However, each department decides who to admit by itself, and departments can be very different — different fields, different standards, different competitiveness. So the researchers drilled down and looked at the acceptance rates within each of those six big departments.

What they found was surprising:

  • In four of the six departments, women actually had a higher acceptance rate than men.
  • In the other two departments, men had the higher acceptance rate.

But those two departments weren’t big enough or different enough to explain the large overall gap in the combined data.

We can find a reversal:

  • Overall across departments: men seem to be favored.
  • Inside most departments: women do as well or better than men.

Simpson's Paradox

This is an example of what’s often called Simpson’s paradox: a situation where a pattern that appears in overall (aggregate) data reverses when you break the data into subgroups.

In this case:

  • Event $Y$: the applicant is accepted.
  • Event $A$: the applicant is female (gender treated as a binary variable).
  • Variable $Z$: which department the applicant applied to.

Simpson’s paradox means it can happen that:

  • For each department ($Z$), women might do as well as or better than men:

$$P(\text{accepted} \mid \text{female}, Z) \ge P(\text{accepted} \mid \text{male}, Z),$$ but

  • Overall, women still have a lower acceptance rate than men:

$$P(\text{accepted} \mid \text{female}) < P(\text{accepted} \mid \text{male}).$$

This happens because men and women apply to different departments in different proportions, and those departments have different levels of competitiveness.

From the data, one thing is very clear: Gender affects which departments people apply to. Men and women have different patterns of department choice.

We also know that departments differ in how hard it is to get in. Some have low acceptance rates (very competitive), others have higher acceptance rates.

So one plausible explanation is:

  • Women tended to apply more to highly competitive departments, while men applied more to less competitive ones.
  • As a result, women were rejected more often overall, even though departments themselves may have treated individual male and female applicants fairly.

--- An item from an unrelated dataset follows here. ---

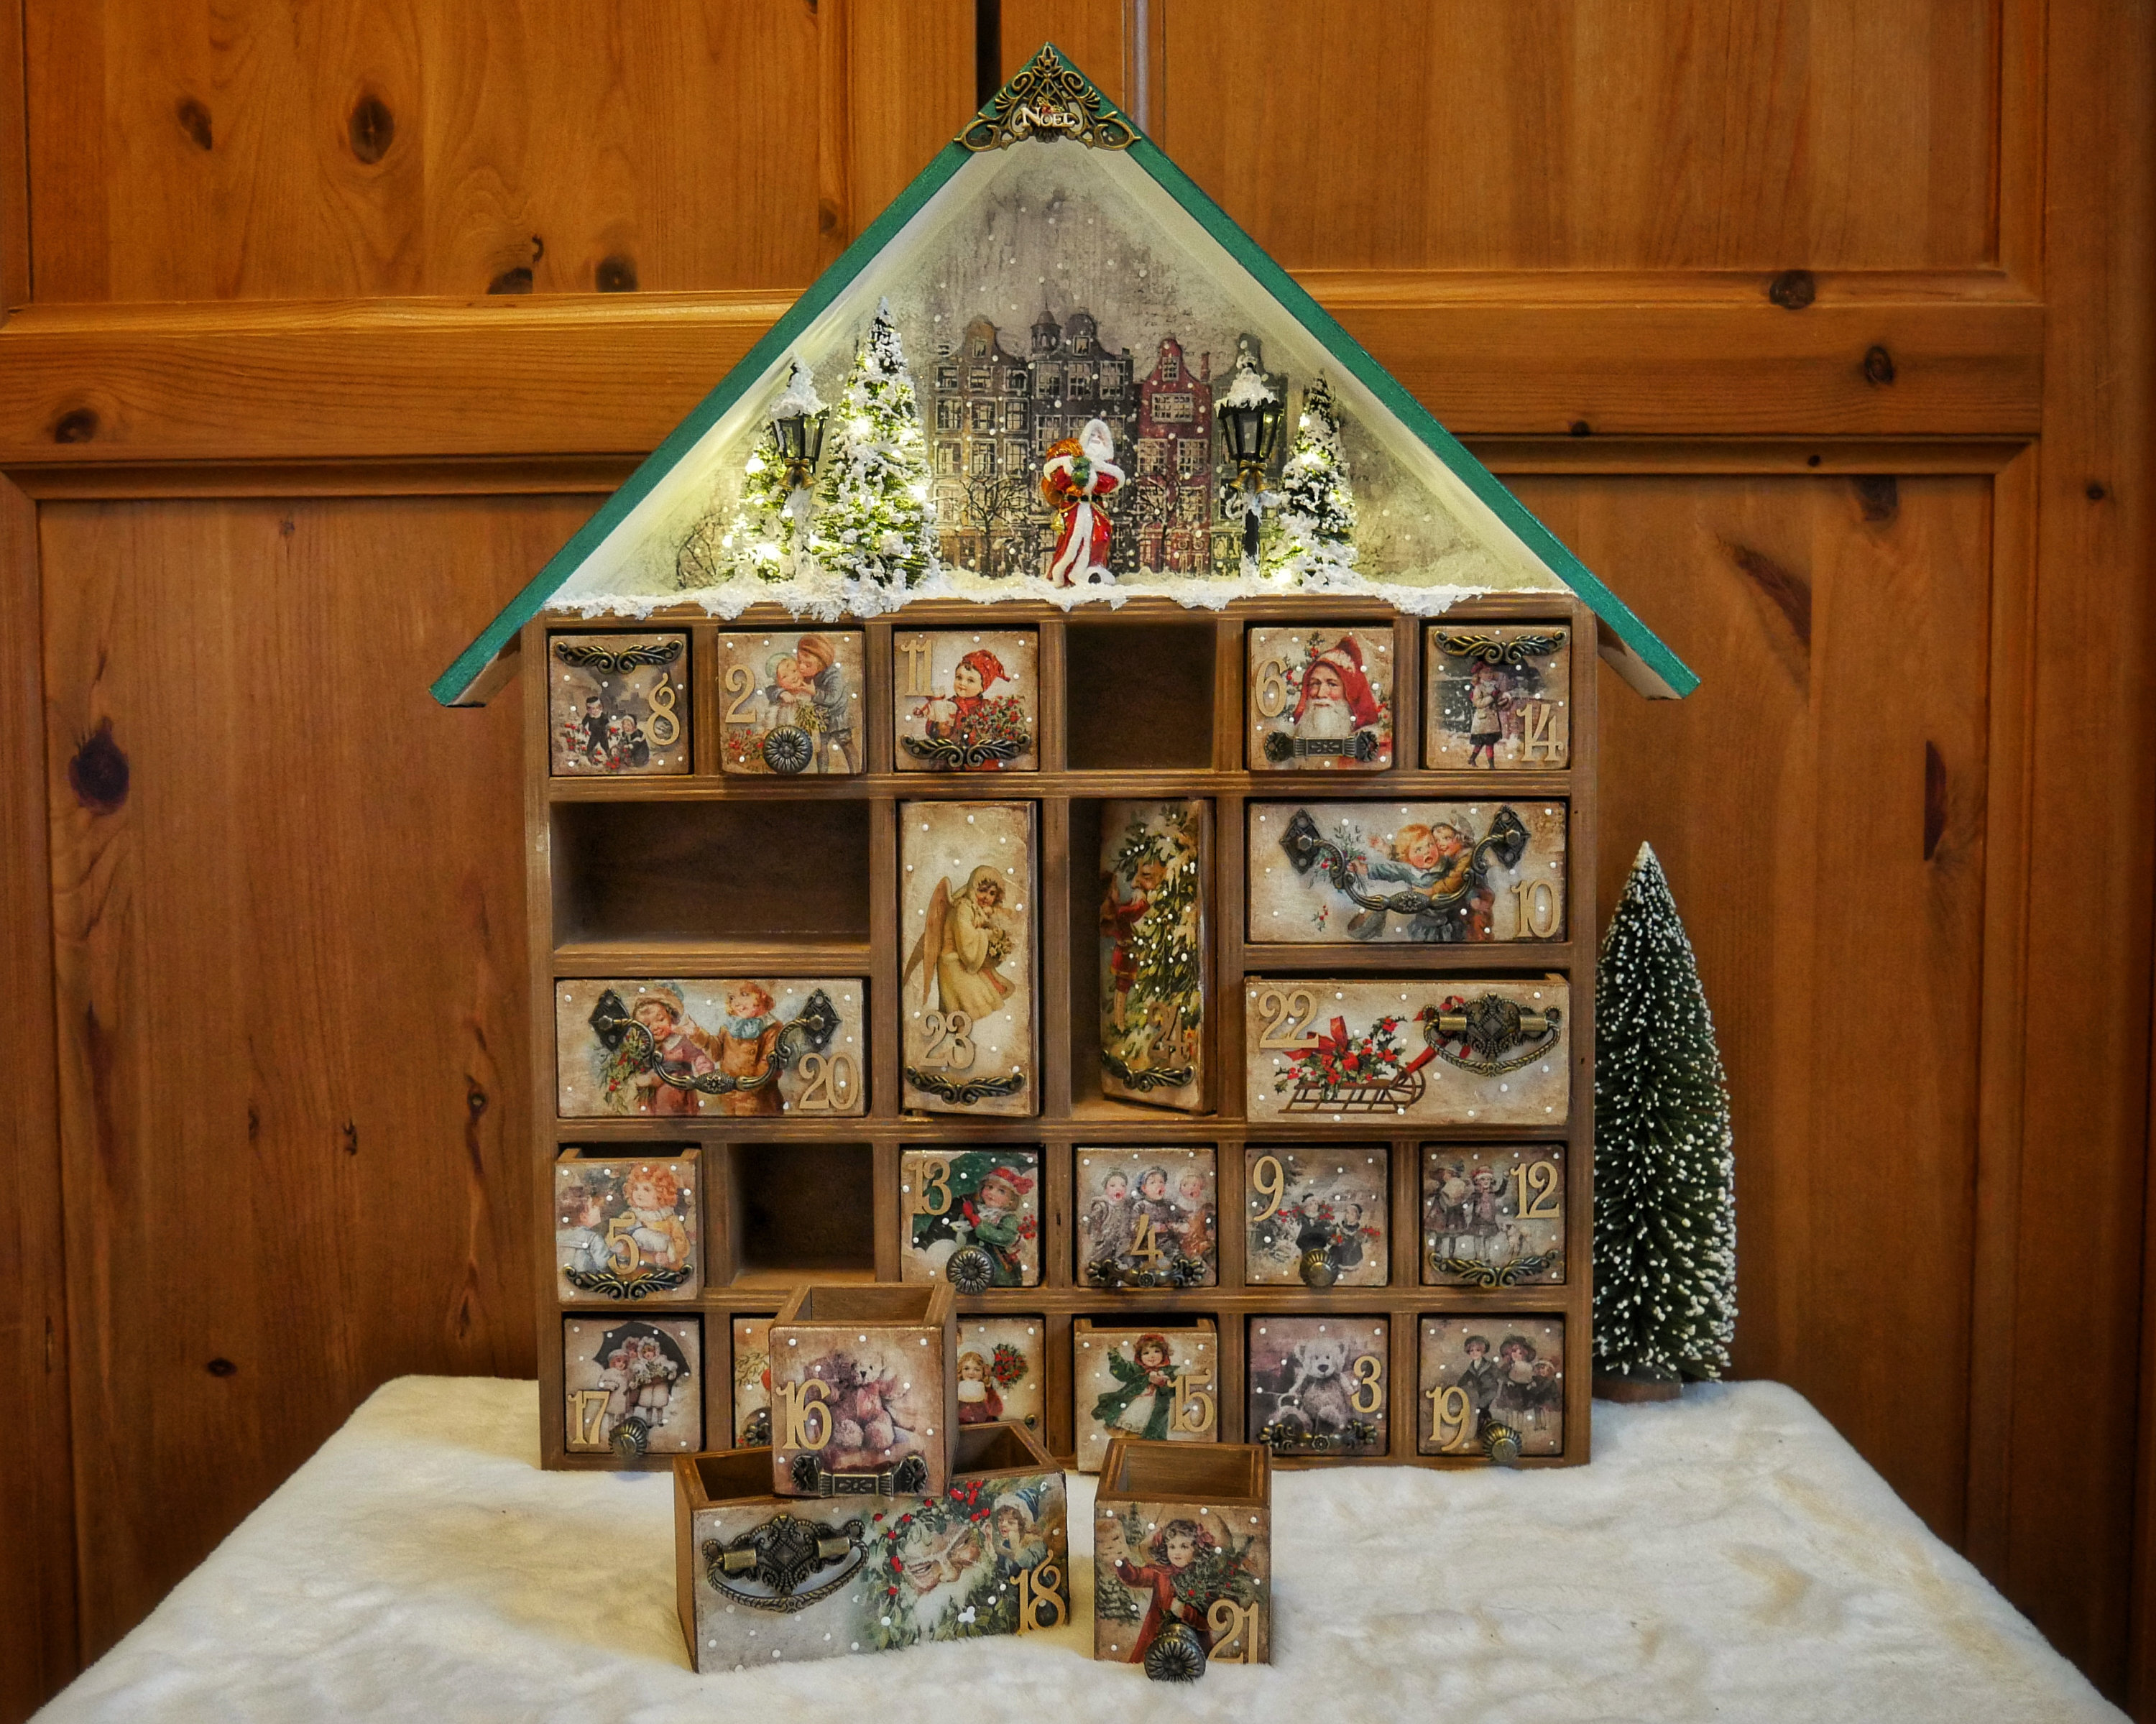 Handmade wooden advent calendar,christmas house with drawers,decoupage xmas ornament,led light scene,santa claus diorama,old style

This was essentially the conclusion of the original study. They argued:

  • The bias seen in the combined statistics does not come from admissions committees systematically discriminating against women.
  • Instead, it comes from earlier stages in the pipeline: the way society and the education system have steered women toward certain fields.

They suggested that women were shunted by their upbringing and education into fields that:

  • are more crowded,
  • have fewer resources and funding,
  • have lower completion rates,
  • and often lead to poorer job prospects.

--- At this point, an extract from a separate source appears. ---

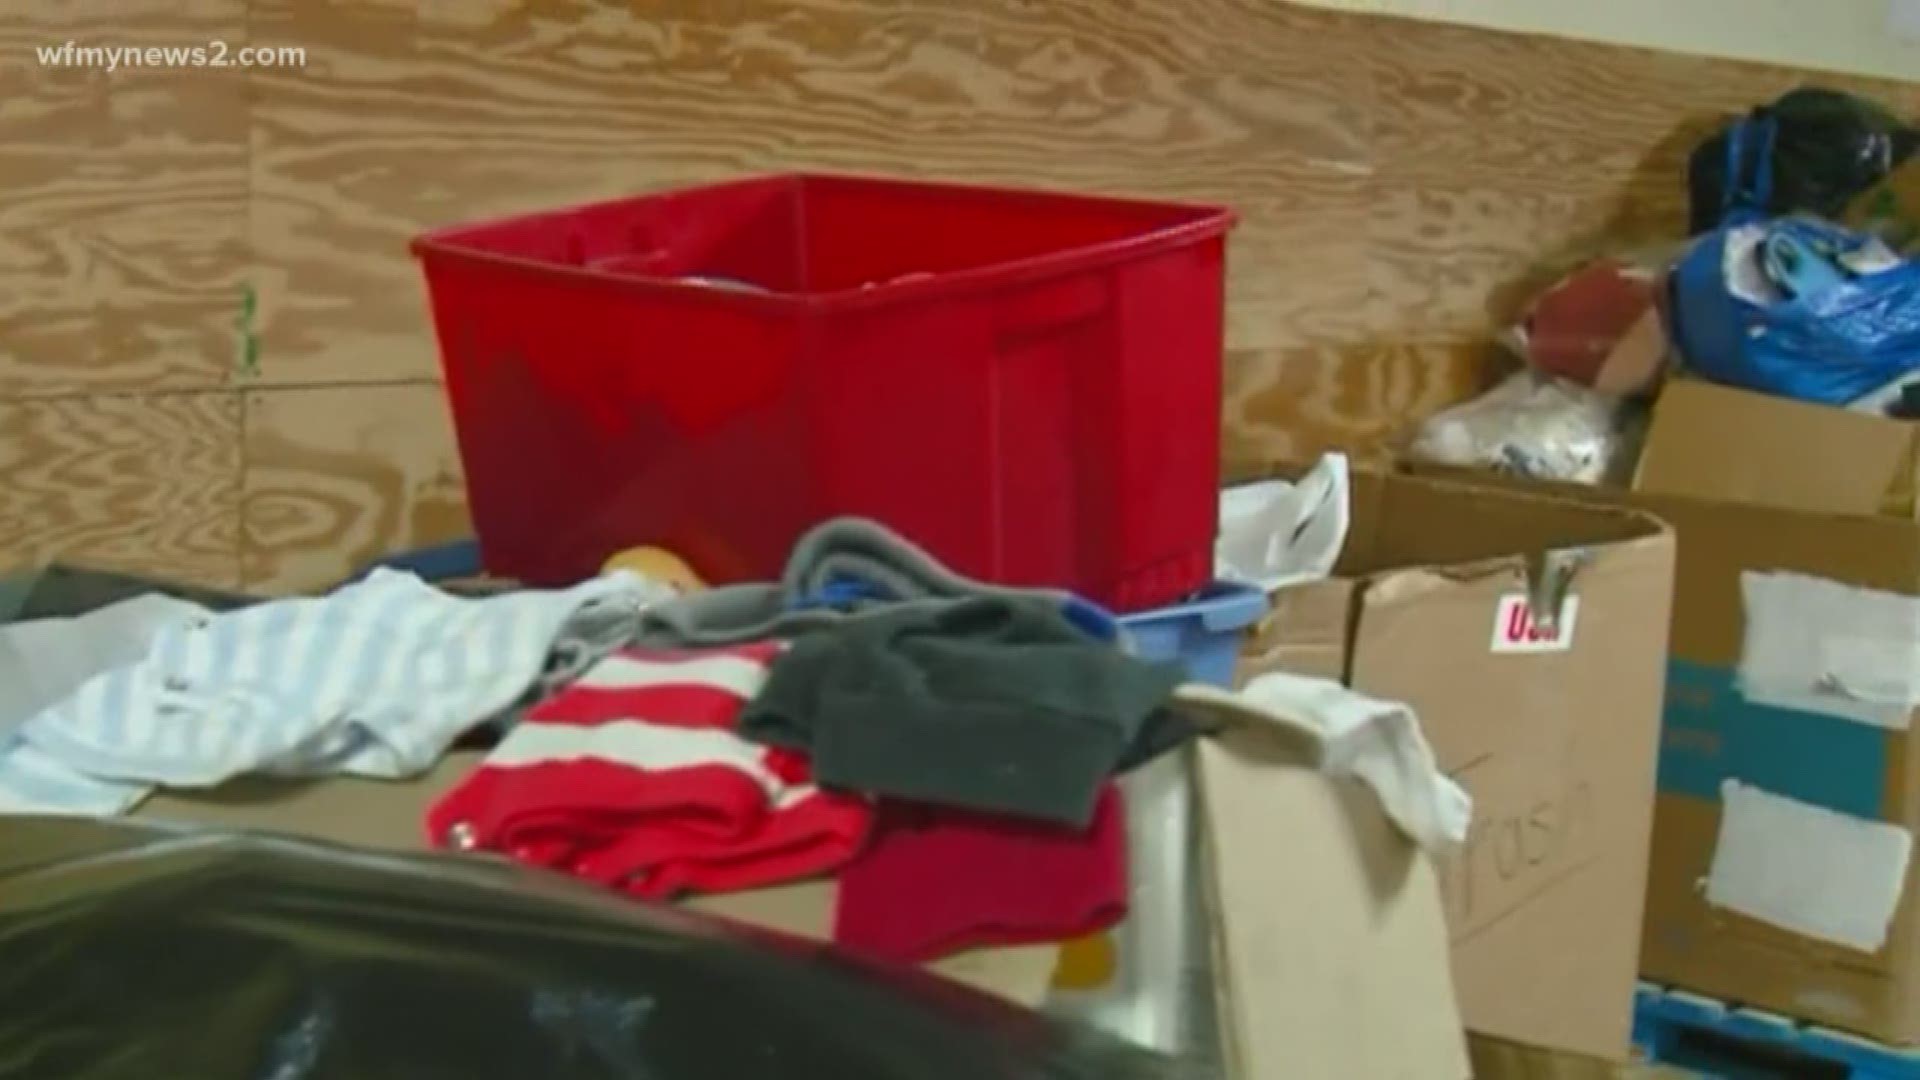 Triad Goodwill wants you to donate much needed items, such as clothes and household goods.

In other words, they said the gender bias was mainly a pipeline problem1: by the time women reached graduate applications, they were already concentrated in less favorable, more competitive fields, through no fault of the departments themselves. However, it’s hard to fully defend or criticize that conclusion using this data alone, because key information is missing.

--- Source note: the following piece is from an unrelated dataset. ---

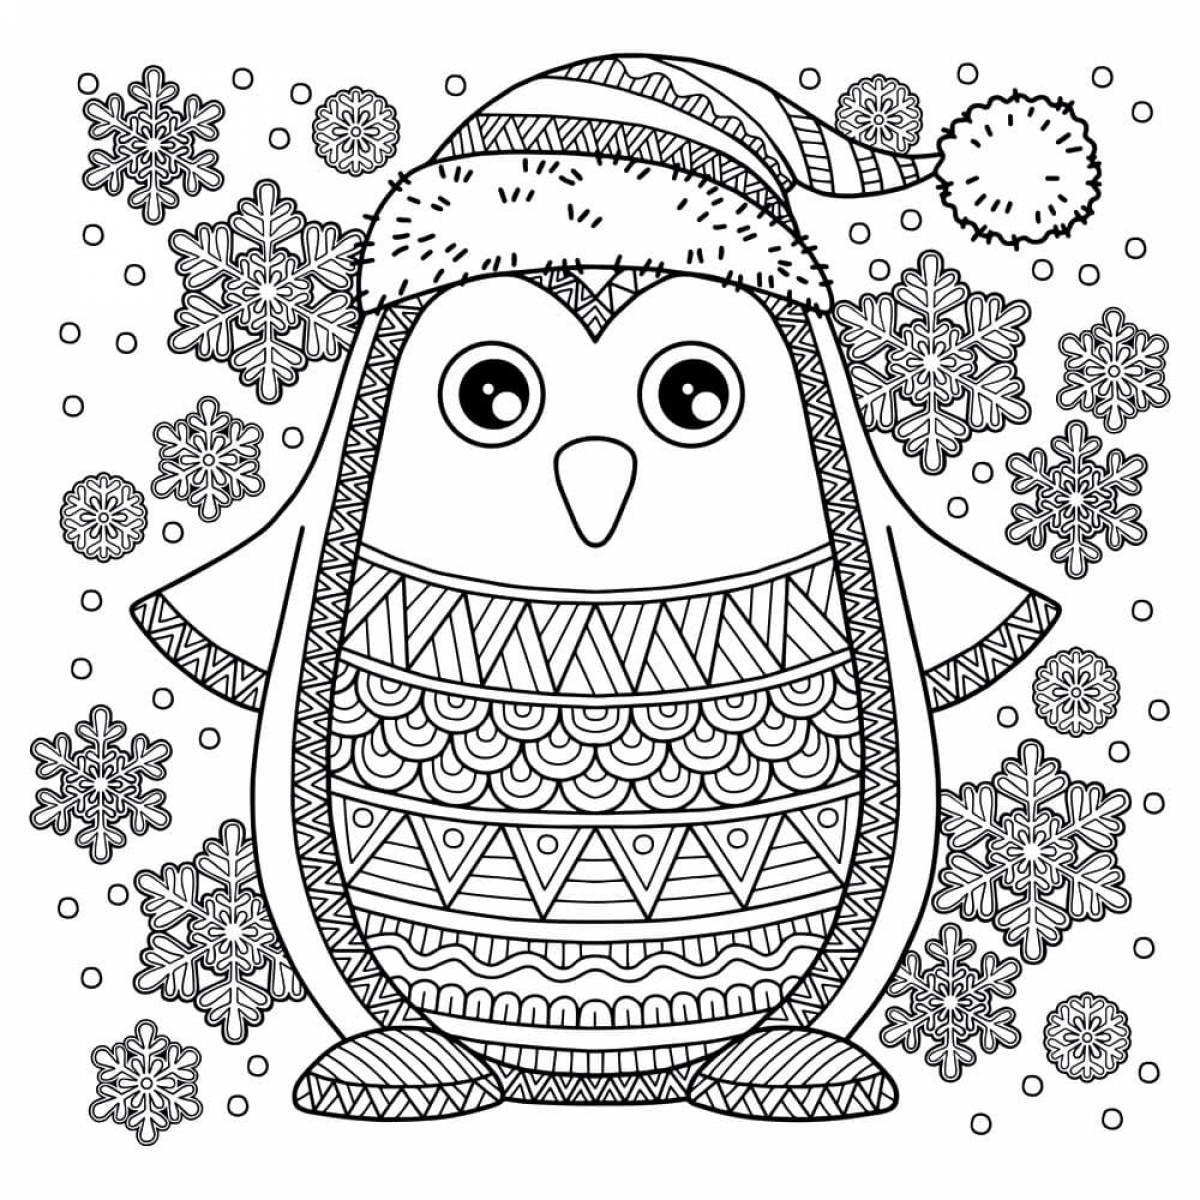 Winter anti-stress coloring book for children

For example, we don’t know why women chose those more competitive departments:

  • Maybe some less competitive departments (like certain engineering programs) were unwelcoming to women.
  • Maybe some departments had a bad reputation for how they treated women, so women avoided them.
  • Maybe the way departments advertised or described themselves discouraged women from applying.

We also don’t know anything about the qualifications of applicants:

  • It could be that, because of social barriers, women who applied to engineering in 1973 were on average more qualified than the men who applied.
  • In that case, if the acceptance rate for men and women is equal, it might actually mean women are being held to a higher bar, which would be discrimination.

So, the observed acceptance rates alone cannot tell us whether there was discrimination or not. They leave us with many plausible stories, and we can’t distinguish between them without more information.

Given this uncertainty, there are two possible options:

  1. Design a new study and collect better data.

    • Measure more variables (like applicant qualifications, department culture, prior experiences, etc.).
    • This might allow a more conclusive answer about discrimination.
  2. Stay with the current data and argue using assumptions and background knowledge.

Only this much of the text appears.